Median dose-length product in 2007 was 885 mGy/cm for coronary CTA, decreasing to 195 mGy/cm by 2017, resulting in a 78% reduction in radiation exposure (P < 0.001). Median effective dose estimates decreased from 12.4 mSv to 2.7 mSv. Importantly, Hausleiter said, the number of nondiagnostic coronary CTAs did not increase over the study period and were below 2% in both 2007 and 2017.

In 2007, there was a sevenfold difference in dose variability between centers reporting the lowest and highest doses, which increased to 37-fold in 2017. Two sites in particular had very high reporting doses. However, even after excluding them, variability remained around 10%. By region, the lowest doses were reported from East Asia and Australia, and the highest from Latin and South American countries.

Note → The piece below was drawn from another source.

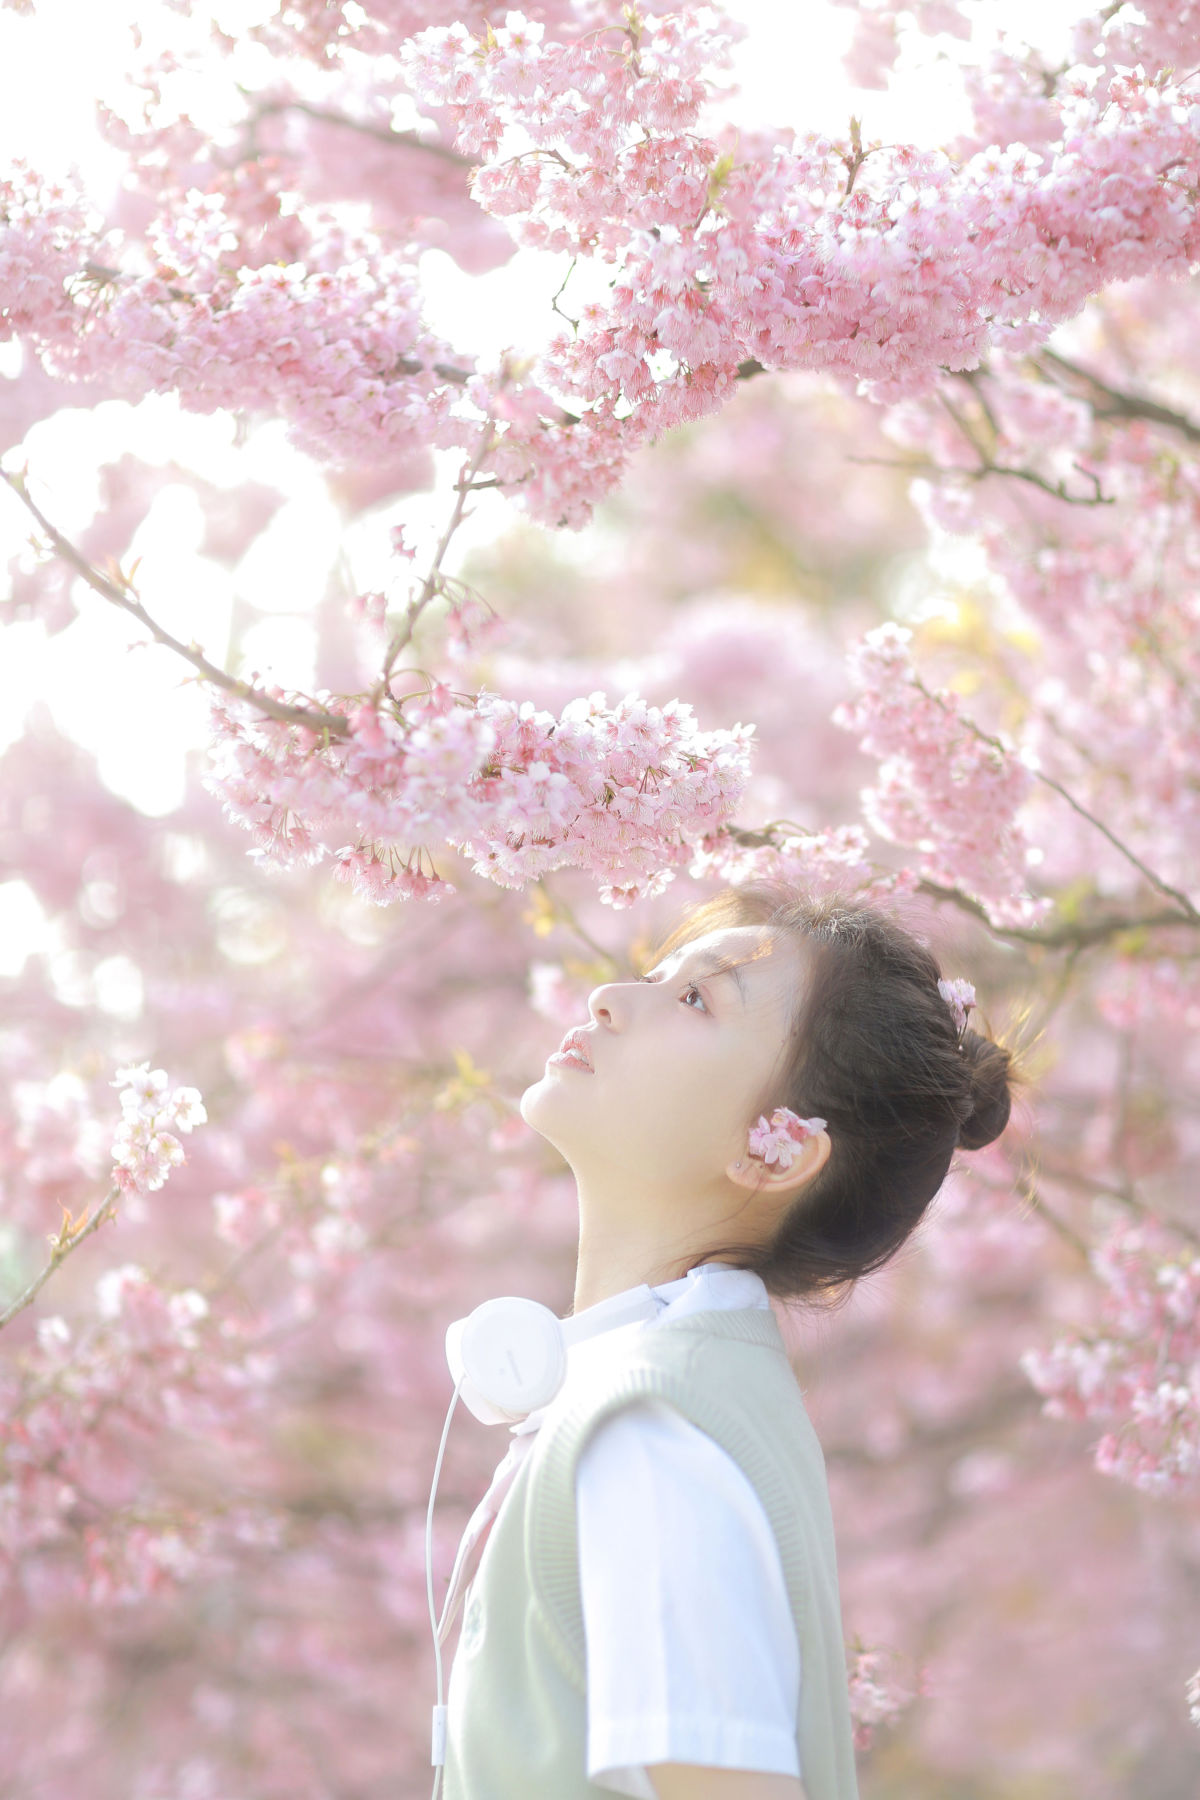 三园猫_瑞秋的快乐人生《樱花下的春日心动》美图作品图片3

Independent predictors of increased radiation dose were an increase in body weight of 10 kg, an increase in heart rate of 10 bpm, and absence of sinus rhythm. Additionally, compared with the axial scan technique, low-pitch helical scan mode was associated with a 313% increase in radiation dose, while use of the ECG-triggered high-pitch scan technique was associated with a nonsignificant 30% dose reduction.

The bottom line is most people seem to have access to the newer scanners and are using newer technologies. Stephen Balter

“Given the high diagnostic accuracy [and] the low radiation exposure, and also the nice results we have seen in [our] previous presentations, I think we should consider coronary CTA as a first-line diagnostic test in many patients,” Hausleiter said during his presentation. “However, the large intersite variability in median dose underlines the need for further site-specific training and the adoption of contemporary cardiac scan protocols.”

After the presentation, at least one panel member expressed surprise that some centers are still using such high doses of radiation in their daily practice. But to TCTMD, Balter said while more and more clinicians are being trained to select dose-saving protocols and working under conditions such as in the United States, for example, where formal CT protocol committees are mandatory, that is not the case all over the world.

“There likely were people in this survey who do not have access to the latest technology, and that could explain some of the variation they saw,” Balter observed. “I think for the most part we are seeing that people are doing the best they can. Even if they are using the same machines they were using a decade ago, they are working at reducing radiation dose.”

  • Hausleiter reports receiving research support and speaker honoraria from Abbott Vascular and Edwards Lifesciences.
  • Stocker and Balter report no relevant conflicts of interest.